>>331I am not upholding any opinion. People who join all those screaming identity groups on the internet aren't cookie-cutter members. Don't you think this is strange that so-many "non-white" or "whyte" people are still /pol/tards? The feeling of being a free individual is not innate. People are consumed by paranoia that the State, capitalism/communism, or the secret enemy is here to cut their throat the second they lose their group and get isolated. Opinions don't matter: this is the unnatural unhealthiness I was talking about. After WW2, Huxley wrote:
>Such, then, was Hitler's opinion of humanity in the mass. It was a very low opinion. Was it also an incorrect opinion? The tree is known by its fruits, and a theory of human nature which inspired the kind of techniques that proved so horribly effective must contain at least an element of truth. Virtue and intelligence belong to human beings as individuals freely associating with other individuals in small groups. So do sin and stupidity. But the subhuman mindlessness to which the demagogue makes his appeal, the moral imbecility on which he relies when he goads his victims into action, are characteristic not of men and women as individuals, but of men and women in masses. Mindlessness and moral idiocy are not characteristically human attributes; they are symptoms of herd-poisoning. In all the world's higher religions, salvation and enlightenment are for individuals. The kingdom of heaven is within the mind of a person, not within the collective mindlessness of a crowd. Christ promised to be present where two or three are gathered together. He did not say anything about being present where thousands are intoxicating one another with herd-poison. Under the Nazis enormous numbers of people were compelled to spend an enormous amount of time marching in serried ranks from point A to point B and back again to point A. "This keeping of the whole population on the march seemed to be a senseless waste of time and energy. Only much later," adds Hermann Rauschning, "was there revealed in it a subtle intention based on a well-judged adjustment of ends and means. Marching diverts men's thoughts. Marching kills thought. Marching makes an end of individuality. Marching is the indispensable magic stroke performed in order to accustom the people to a mechanical, quasi-ritualistic activity until it becomes second nature."
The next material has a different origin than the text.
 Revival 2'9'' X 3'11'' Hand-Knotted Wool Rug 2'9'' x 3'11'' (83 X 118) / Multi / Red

>From his point of view and at the level where he had chosen to do his dreadful work, Hitler was perfectly correct in his estimate of human nature. To those of us who look at men and women as individuals rather than as members of crowds, or of regimented collectives, he seems hideously wrong. In an age of accelerating over-population, of accelerating over-organization and ever more efficient means of mass communication, how can we preserve the integrity and reassert the value of the human individual? This is a question that can still be asked and perhaps effectively answered. A generation from now it may be too late to find an answer and perhaps impossible, in the stifling collective climate of that future time, even to ask the question. He was afraid we end up in a society flooded in so much noise we wouldn't be able to keep our individuality any more. My final question was, in this day and age, what kind of lifesaver could help those people who are crushed by internal contradictions to get back that freedom.
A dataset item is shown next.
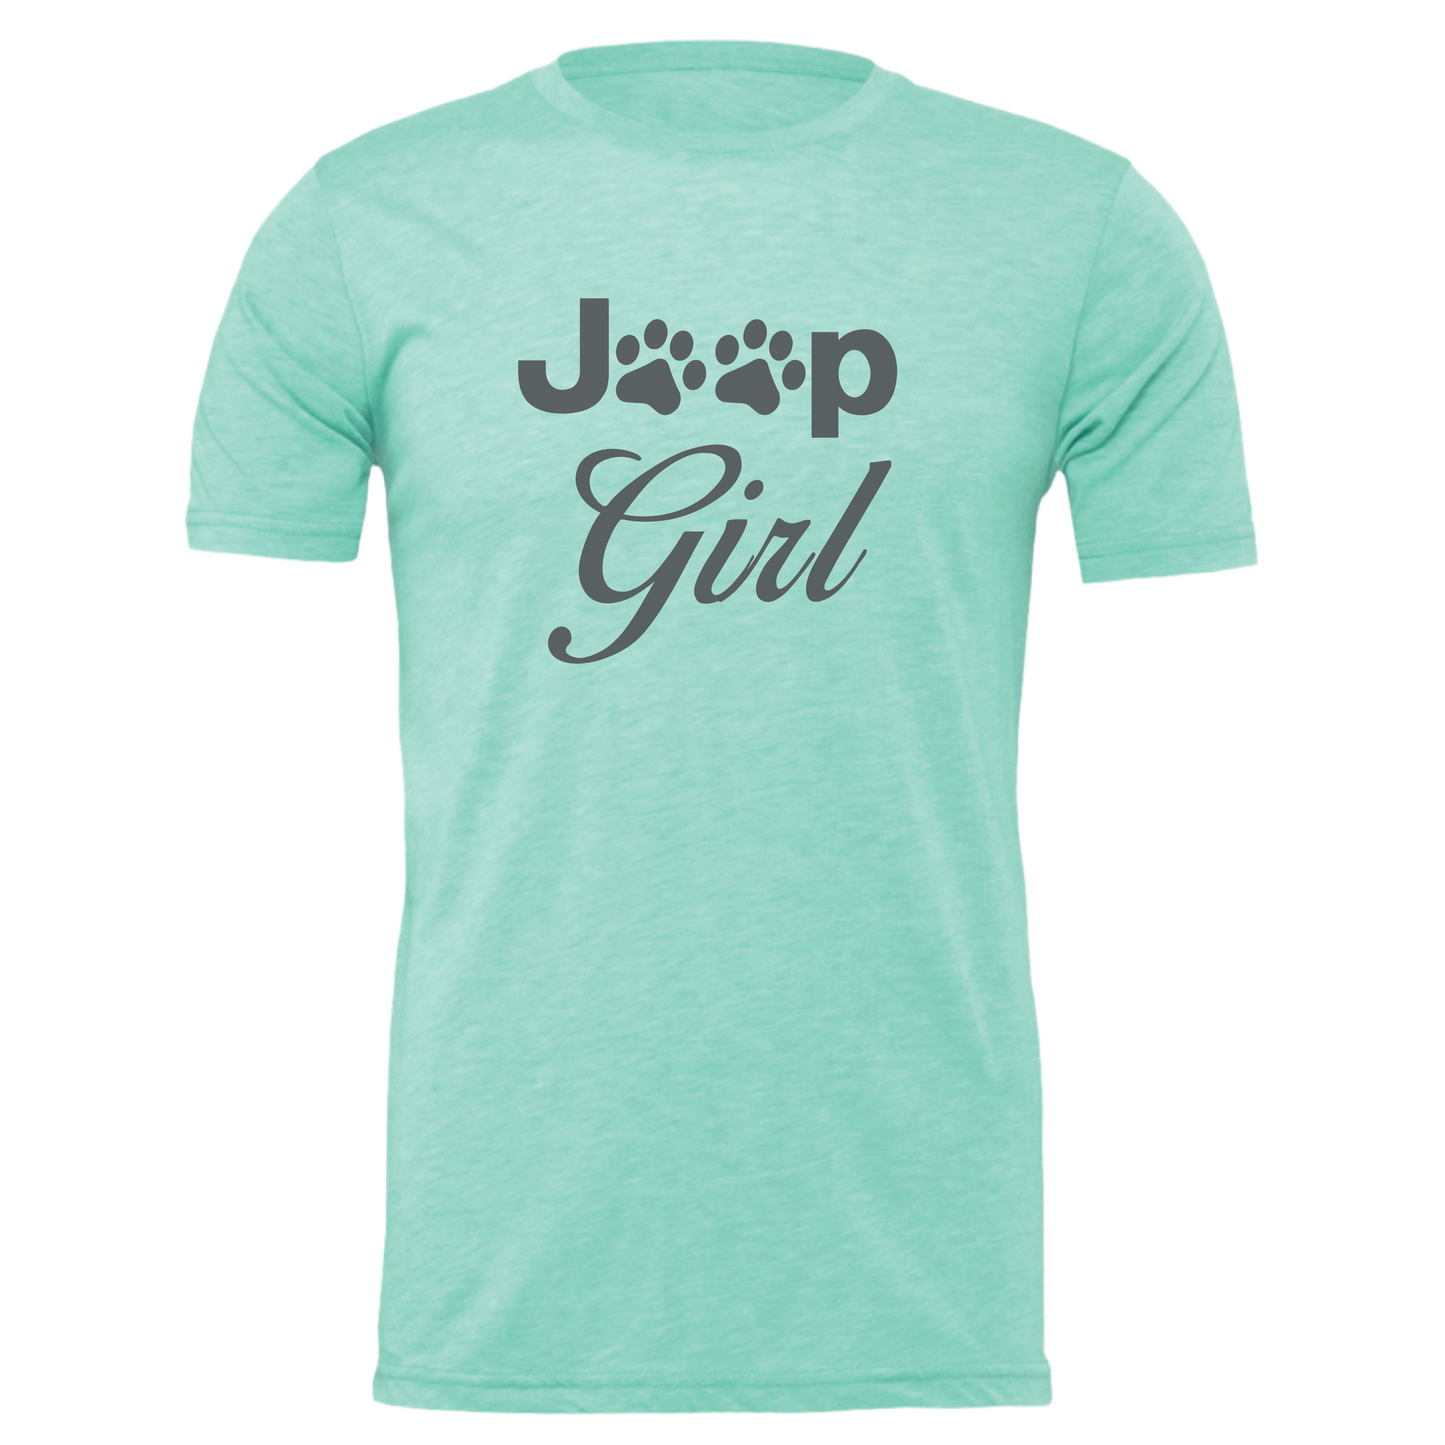 Jeep Girl (Paws) - Shirt, Tank Top, Long Sleeve or Hoodie - Available in Multiple Colors

As for the middle ground, I could have stayed vague, but if I mentioned Ken Bone, it is because he is a breathing middle ground, and if he became a meme, it means he's not, by far, an oddity. And it is not because he didn't want to choose between the two mainstream and tinfoil choices that he believed he was worth more than others. Even the contrary: he was dubbed Mr. Normal. Mr. Normal, the norm, is not represented.
You should realize that I am not trying to feel superior to others or venting because I supposedly can't argue on the Internet. Even here, I am not trying to prove you any point. I just answered the questions you were asking by pure courtesy. But I think I wrote enough now and I do not wish to continue.